トランプ政権のグリーンランド領有問題:NATO同盟国への前代未聞の圧力

世界

2026年1月、トランプ米大統領がデンマーク自治領グリーンランドの領有に強い意欲を示し、国際社会に衝撃が走っています。軍事力行使も排除しないという発言は、NATO同盟国デンマークとの間に前例のない緊張を生み出しました。本記事では、グリーンランド問題の背景、トランプ政権の狙い、国際社会の反応について解説します。

グリーンランドとは

グリーンランドは北極圏に位置する世界最大の島で、面積は約217万平方キロメートル(日本の約6倍)、人口は約5万7,000人です。デンマーク王国の自治領として広範な自治権を持ち、天然資源の管轄権を含む内政権限は自治政府に移譲されています。一方、外交・防衛はデンマーク政府が管轄し、年間約634億円の補助金を交付しています(自治政府歳入の約56%)。

戦略的重要性

グリーンランドが注目される理由は主に3点です。第一に、軍事・安全保障上の要衝として、北極海と北大西洋の間に位置し、ミサイル早期警戒の拠点となっています。第二に、温暖化で北極海航路の実用化が近づき、その要衝としての価値が高まっています。第三に、レアアース(希土類)やウランなど豊富な天然資源が埋蔵されており、米地質調査所はレアアース埋蔵量を150万トン(未開発地域で世界最大規模)と推定しています。

トランプ政権の動き

トランプ大統領のグリーンランド取得構想は、第1次政権時の2019年に遡ります。当時デンマーク首相に「馬鹿げている」と一蹴されました。

第2次政権では、2025年11月の「国家安全保障戦略」で「西半球」での米国覇権を目指す方針を打ち出し、グリーンランドをその範囲に含めました。2026年1月には発言が過熱し、「国家安全保障のためにグリーンランドが必要」(1月4日)、「米軍の活用も選択肢」(1月6日)、「所有権が必要」(1月9日)と発言。1月17日には領有に反対する欧州8カ国に追加関税(2月から10%、6月から25%)を発表しました。

トランプ政権の狙いは、対中ロ安全保障(北極圏でのロシア・中国の活動への警戒)、レアアース確保(中国依存からの脱却)、資源ビジネス(実業家からの働きかけ)の3点と見られています。

国際社会の反応

デンマーク・グリーンランドの反発

デンマークのフレデリクセン首相は「米国がNATO加盟国を攻撃すれば、NATOの終焉を意味する」と警告。

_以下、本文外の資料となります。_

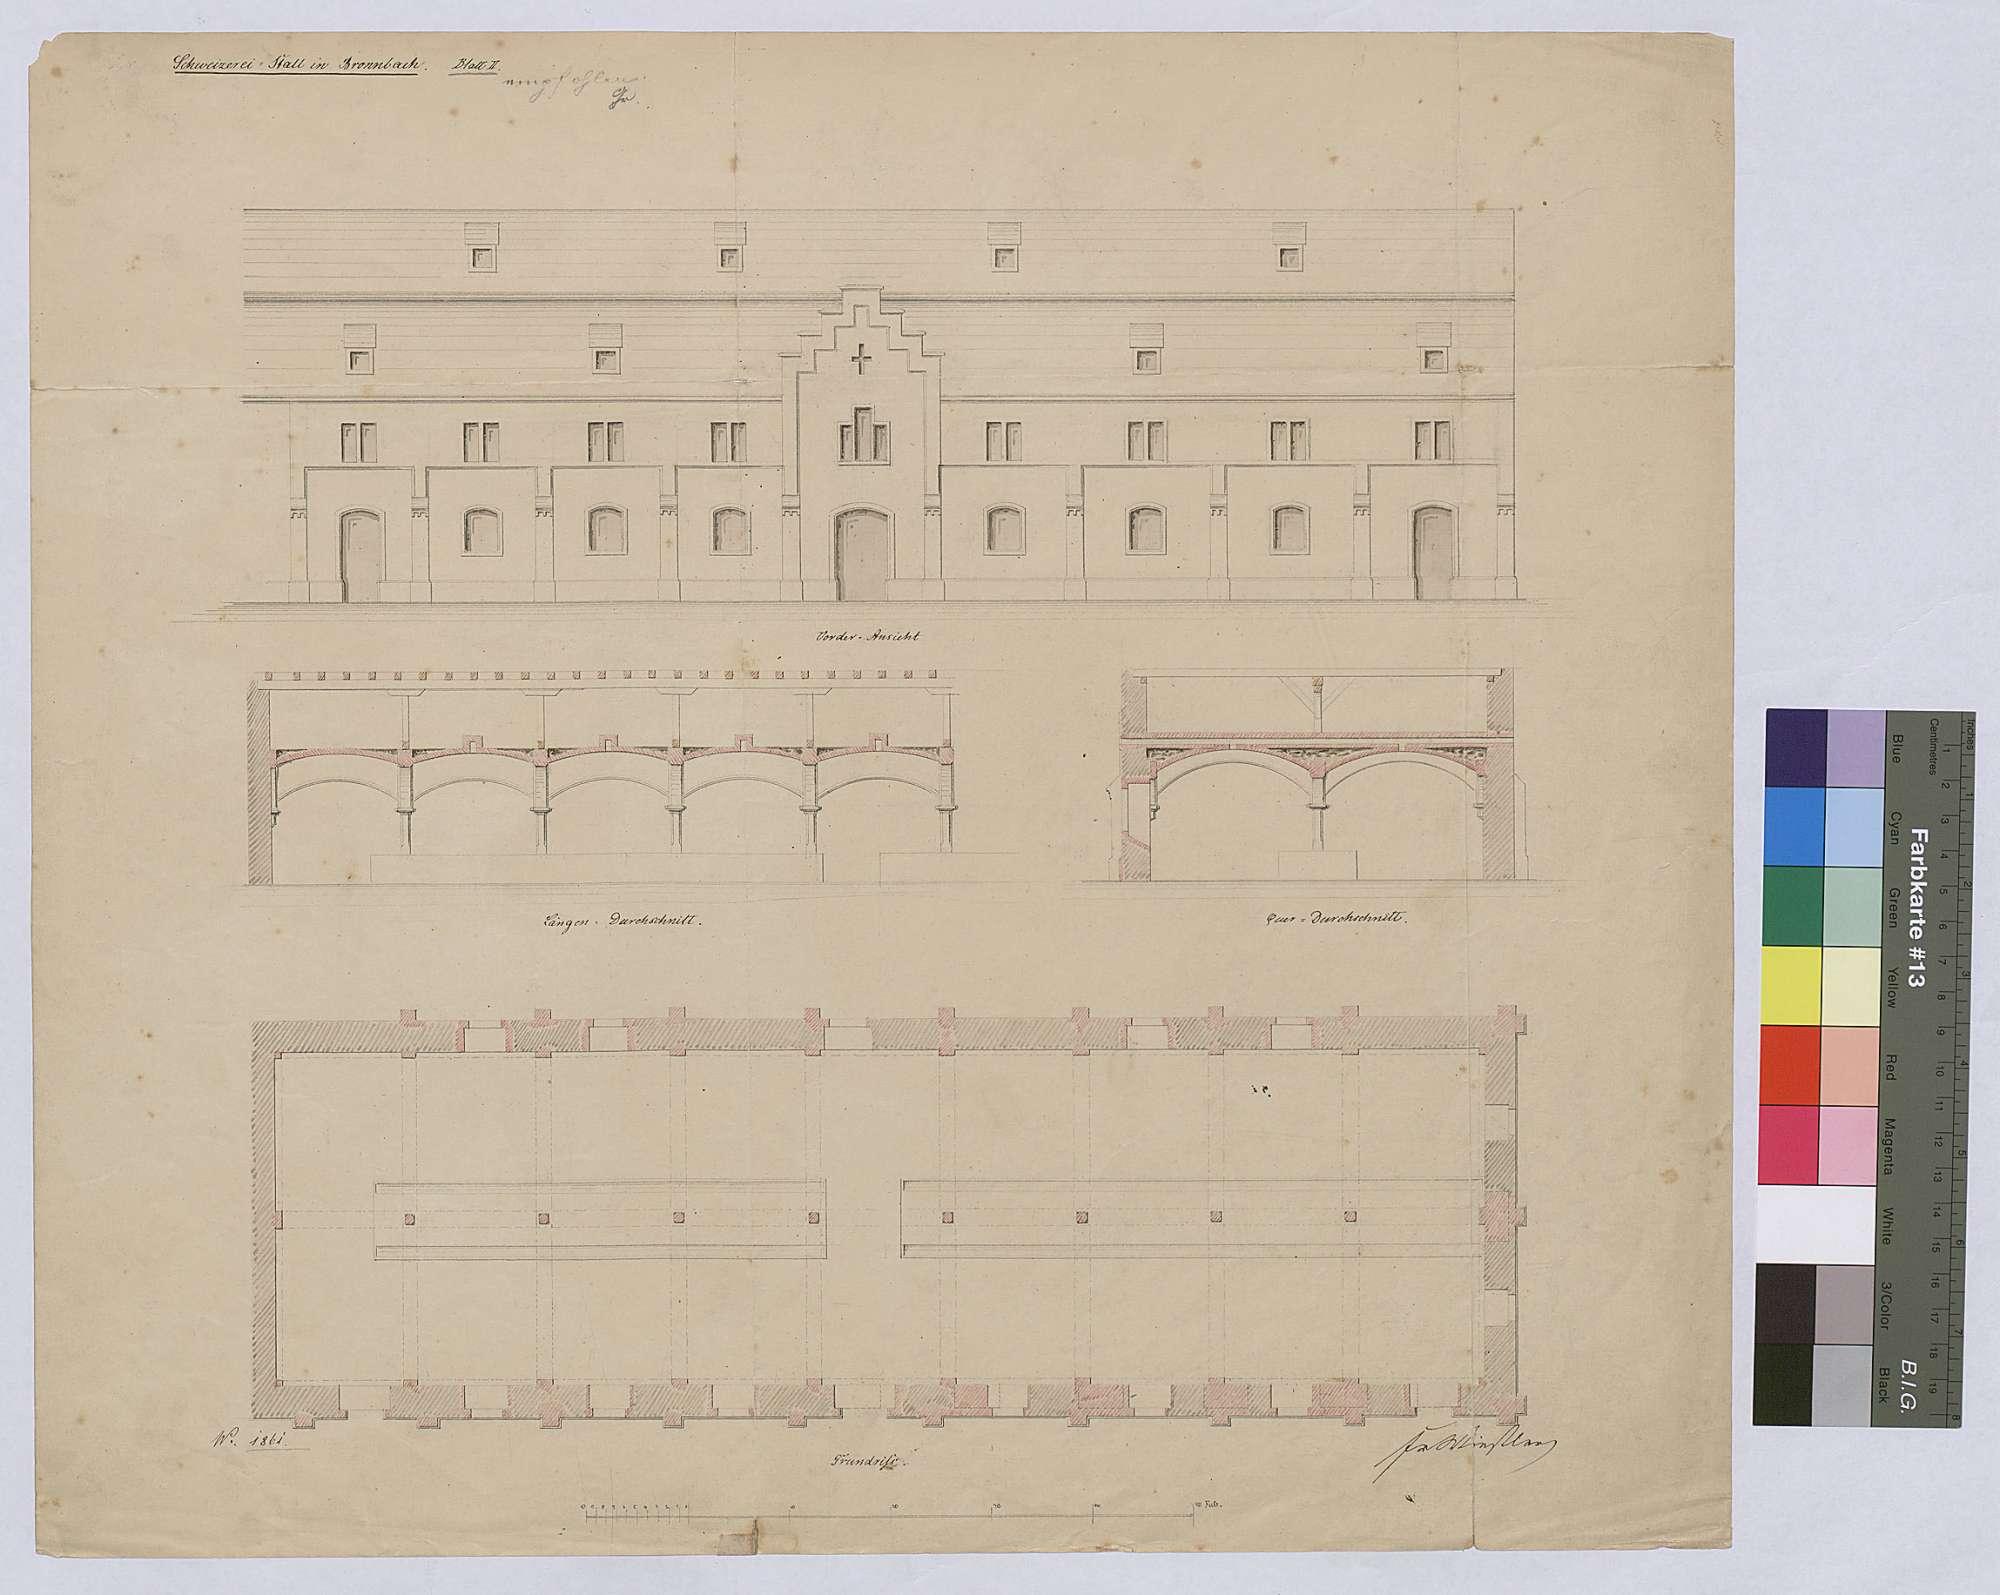 Schweizerei-Stall in Bronnbach, Blatt II, Bild 1

グリーンランド首相も「もううんざりだ」と反発しました。世論調査では住民の85%が米国領有に反対しています。

欧州諸国の連帯

仏独伊など7カ国首脳は共同声明で米国を牽制。1月15日には独仏など4カ国がグリーンランドに軍要員を派遣し、デンマーク軍との合同演習を表明しました。

NATOへの影響

北大西洋条約第5条では、加盟国への攻撃は全体への攻撃とみなされます。米国がデンマークを攻撃すれば、理論上、他の加盟国は米国と対峙することになり、NATOは機能不全に陥ります。第2次大戦後の安全保障秩序の根幹が揺らぐ事態です。

おわりに

トランプ政権のグリーンランド領有構想は、国際法や主権原則への重大な挑戦です。デンマーク政府は「グリーンランドは売り物ではない」と明言し、住民も「デンマーク人にも米国人にもなりたくない」と訴えています。

同盟国への威圧は、NATOが守る「自己決定の原則」を損ないます。約5万7,000人の住民の意思がどれだけ尊重されるか——この問題は国際秩序の根幹に関わります。

2月の追加関税発動、グリーンランド政局、NATO内部の亀裂がどこまで深まるか。北極圏をめぐる国際情勢から目が離せない状況が続くでしょう。